▸ **Description of the task**:
Once the line with "Синяя футболка Tommy Hilfiger" is found in the data, output it and each following line exactly, up to and including the line with "Fab-lab1 - Fab Lab Bcn Logo (1134x1701)", and nothing before or after.

━━ Information

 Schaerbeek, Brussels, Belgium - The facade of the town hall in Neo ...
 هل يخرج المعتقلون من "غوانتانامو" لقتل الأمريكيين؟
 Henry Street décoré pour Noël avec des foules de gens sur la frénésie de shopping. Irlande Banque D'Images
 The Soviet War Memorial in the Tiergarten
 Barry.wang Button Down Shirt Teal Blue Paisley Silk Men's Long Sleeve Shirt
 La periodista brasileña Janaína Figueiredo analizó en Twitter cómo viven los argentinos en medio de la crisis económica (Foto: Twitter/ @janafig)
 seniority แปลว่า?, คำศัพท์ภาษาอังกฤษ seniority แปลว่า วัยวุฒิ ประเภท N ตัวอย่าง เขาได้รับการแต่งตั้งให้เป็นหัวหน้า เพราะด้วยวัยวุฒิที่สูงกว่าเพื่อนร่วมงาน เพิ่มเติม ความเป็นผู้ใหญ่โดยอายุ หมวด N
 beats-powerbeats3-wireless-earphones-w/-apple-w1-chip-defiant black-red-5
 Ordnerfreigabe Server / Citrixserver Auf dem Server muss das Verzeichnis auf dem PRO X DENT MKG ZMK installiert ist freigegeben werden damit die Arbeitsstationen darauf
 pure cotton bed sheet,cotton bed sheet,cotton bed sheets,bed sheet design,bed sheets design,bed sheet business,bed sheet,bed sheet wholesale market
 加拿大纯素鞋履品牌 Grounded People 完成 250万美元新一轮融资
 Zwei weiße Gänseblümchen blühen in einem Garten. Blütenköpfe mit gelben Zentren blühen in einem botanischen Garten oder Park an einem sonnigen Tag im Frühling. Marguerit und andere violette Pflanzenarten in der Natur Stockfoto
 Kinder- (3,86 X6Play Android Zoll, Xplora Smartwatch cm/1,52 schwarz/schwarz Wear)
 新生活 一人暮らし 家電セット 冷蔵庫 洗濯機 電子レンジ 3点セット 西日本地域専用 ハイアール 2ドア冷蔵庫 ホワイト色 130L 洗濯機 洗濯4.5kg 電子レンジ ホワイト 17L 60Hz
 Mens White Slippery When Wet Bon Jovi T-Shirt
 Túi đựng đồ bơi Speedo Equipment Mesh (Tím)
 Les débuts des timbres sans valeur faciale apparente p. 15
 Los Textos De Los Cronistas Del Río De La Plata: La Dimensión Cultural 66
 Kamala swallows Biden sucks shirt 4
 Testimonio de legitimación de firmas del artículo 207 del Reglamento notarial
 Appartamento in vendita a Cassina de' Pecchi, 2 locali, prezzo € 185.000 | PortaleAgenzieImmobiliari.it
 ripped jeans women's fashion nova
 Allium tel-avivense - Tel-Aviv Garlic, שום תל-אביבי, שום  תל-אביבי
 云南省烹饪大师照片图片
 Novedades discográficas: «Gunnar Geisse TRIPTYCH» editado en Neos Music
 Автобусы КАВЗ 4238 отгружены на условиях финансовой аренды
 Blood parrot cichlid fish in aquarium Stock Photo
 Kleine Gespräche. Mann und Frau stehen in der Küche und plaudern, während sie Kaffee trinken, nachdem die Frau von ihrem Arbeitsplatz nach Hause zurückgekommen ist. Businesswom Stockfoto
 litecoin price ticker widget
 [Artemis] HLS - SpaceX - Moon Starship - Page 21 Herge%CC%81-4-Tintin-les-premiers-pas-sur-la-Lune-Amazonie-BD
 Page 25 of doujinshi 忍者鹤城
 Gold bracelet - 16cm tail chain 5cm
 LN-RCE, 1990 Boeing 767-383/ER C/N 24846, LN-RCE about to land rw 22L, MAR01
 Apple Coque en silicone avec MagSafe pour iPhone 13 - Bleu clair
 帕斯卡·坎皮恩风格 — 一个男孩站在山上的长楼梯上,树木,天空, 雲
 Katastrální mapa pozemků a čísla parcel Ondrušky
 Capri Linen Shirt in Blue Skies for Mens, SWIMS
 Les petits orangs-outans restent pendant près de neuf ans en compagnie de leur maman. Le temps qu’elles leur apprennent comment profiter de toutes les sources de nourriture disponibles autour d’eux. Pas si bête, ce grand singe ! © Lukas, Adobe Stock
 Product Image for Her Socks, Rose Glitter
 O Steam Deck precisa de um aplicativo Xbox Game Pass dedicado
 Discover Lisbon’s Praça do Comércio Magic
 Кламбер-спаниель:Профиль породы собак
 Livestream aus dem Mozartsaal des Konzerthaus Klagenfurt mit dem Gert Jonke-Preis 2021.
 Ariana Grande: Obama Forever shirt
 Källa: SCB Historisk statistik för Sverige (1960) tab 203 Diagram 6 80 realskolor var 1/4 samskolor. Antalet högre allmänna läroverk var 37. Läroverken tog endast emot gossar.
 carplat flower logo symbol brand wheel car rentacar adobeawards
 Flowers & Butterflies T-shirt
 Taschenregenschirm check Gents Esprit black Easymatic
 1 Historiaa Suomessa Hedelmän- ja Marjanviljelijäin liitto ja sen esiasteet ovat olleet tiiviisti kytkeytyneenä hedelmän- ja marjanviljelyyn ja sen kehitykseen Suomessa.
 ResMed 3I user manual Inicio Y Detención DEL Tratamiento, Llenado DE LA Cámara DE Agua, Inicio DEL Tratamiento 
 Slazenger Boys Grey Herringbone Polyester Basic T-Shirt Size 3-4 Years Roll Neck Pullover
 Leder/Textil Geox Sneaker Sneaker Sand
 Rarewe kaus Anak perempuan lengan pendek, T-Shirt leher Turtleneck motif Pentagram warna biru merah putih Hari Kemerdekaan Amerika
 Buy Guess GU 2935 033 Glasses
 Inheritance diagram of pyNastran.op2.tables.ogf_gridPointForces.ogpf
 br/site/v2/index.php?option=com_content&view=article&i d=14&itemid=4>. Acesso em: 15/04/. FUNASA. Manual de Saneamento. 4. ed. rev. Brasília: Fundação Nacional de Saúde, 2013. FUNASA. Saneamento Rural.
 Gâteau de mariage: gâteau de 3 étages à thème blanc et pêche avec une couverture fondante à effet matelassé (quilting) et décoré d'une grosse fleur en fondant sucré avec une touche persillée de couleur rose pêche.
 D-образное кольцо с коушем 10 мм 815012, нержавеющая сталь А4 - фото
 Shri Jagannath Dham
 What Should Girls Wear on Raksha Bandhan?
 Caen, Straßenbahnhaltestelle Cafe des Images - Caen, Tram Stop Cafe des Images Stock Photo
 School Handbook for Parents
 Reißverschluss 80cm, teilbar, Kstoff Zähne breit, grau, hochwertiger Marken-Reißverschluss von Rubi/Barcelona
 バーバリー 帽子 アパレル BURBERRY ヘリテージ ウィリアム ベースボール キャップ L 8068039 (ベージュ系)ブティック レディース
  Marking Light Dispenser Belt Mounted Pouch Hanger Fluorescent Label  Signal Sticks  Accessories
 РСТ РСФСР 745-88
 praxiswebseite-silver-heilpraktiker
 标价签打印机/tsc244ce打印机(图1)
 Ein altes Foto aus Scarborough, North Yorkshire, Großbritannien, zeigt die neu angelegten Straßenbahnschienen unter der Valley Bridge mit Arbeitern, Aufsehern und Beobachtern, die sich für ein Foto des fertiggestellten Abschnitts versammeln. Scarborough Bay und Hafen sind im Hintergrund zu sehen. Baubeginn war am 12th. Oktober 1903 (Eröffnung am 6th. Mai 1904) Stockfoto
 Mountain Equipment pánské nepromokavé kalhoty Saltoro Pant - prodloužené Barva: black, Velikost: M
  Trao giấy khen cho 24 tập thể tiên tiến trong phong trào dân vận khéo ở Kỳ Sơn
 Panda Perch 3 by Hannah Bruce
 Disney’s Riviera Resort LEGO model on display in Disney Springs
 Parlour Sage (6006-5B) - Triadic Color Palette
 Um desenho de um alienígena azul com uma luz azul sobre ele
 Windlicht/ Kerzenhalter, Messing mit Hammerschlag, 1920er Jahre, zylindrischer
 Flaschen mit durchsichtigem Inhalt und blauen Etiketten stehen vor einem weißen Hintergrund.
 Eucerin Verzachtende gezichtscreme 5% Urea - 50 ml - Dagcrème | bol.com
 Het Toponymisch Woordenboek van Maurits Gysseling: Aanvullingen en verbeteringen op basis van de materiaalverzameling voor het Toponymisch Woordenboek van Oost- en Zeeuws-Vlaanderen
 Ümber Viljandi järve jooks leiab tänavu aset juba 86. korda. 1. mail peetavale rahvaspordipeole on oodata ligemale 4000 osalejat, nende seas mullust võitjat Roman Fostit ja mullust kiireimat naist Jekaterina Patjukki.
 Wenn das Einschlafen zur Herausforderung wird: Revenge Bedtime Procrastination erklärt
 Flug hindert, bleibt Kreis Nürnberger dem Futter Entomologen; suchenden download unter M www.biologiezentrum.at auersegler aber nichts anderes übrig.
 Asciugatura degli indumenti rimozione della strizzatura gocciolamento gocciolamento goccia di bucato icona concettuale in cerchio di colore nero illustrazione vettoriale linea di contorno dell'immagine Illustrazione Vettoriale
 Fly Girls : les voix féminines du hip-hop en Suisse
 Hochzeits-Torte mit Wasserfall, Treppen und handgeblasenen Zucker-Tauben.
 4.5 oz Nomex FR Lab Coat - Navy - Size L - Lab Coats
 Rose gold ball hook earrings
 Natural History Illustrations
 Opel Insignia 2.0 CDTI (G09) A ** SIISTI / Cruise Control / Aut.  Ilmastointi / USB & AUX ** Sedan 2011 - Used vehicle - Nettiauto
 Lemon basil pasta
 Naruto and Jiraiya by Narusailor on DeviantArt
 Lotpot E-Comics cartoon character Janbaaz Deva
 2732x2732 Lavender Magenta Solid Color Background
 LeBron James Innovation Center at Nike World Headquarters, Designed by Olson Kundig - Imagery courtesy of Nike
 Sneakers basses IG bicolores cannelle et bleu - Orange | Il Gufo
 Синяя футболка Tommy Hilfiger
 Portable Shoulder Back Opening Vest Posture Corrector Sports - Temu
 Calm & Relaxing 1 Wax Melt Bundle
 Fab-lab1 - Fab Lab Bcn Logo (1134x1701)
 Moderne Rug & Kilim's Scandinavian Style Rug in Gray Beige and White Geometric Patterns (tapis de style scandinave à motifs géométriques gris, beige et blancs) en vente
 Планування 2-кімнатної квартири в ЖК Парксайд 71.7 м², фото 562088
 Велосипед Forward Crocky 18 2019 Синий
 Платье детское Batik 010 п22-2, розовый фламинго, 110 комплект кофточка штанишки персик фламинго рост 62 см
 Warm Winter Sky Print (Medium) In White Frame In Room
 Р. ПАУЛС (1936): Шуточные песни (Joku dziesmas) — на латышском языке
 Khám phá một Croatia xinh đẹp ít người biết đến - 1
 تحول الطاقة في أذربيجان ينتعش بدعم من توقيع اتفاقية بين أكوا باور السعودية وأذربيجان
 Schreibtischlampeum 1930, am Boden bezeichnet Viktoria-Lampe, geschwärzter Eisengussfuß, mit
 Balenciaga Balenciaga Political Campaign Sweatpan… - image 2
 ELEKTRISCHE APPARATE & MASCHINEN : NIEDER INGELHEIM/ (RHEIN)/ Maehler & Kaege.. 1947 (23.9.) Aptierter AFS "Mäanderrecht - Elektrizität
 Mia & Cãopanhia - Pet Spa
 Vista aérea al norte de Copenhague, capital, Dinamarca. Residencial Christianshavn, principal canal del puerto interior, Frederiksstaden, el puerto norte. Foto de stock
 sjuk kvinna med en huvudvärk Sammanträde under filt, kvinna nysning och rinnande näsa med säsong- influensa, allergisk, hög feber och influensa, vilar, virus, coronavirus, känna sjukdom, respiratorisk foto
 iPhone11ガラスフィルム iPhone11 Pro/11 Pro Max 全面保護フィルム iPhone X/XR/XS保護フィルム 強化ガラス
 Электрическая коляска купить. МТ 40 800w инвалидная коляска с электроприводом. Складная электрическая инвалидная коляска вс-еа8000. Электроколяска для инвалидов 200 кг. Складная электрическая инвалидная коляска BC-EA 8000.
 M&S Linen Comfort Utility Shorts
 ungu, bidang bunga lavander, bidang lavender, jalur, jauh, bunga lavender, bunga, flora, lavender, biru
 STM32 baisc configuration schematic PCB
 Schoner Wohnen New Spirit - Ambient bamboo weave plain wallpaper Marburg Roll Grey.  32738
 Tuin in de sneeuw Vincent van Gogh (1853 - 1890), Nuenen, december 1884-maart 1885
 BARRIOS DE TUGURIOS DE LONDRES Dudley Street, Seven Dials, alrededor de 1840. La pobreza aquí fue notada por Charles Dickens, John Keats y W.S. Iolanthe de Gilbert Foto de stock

━━━━

▸ **Task answer**:
 Синяя футболка Tommy Hilfiger
 Portable Shoulder Back Opening Vest Posture Corrector Sports - Temu
 Calm & Relaxing 1 Wax Melt Bundle
 Fab-lab1 - Fab Lab Bcn Logo (1134x1701)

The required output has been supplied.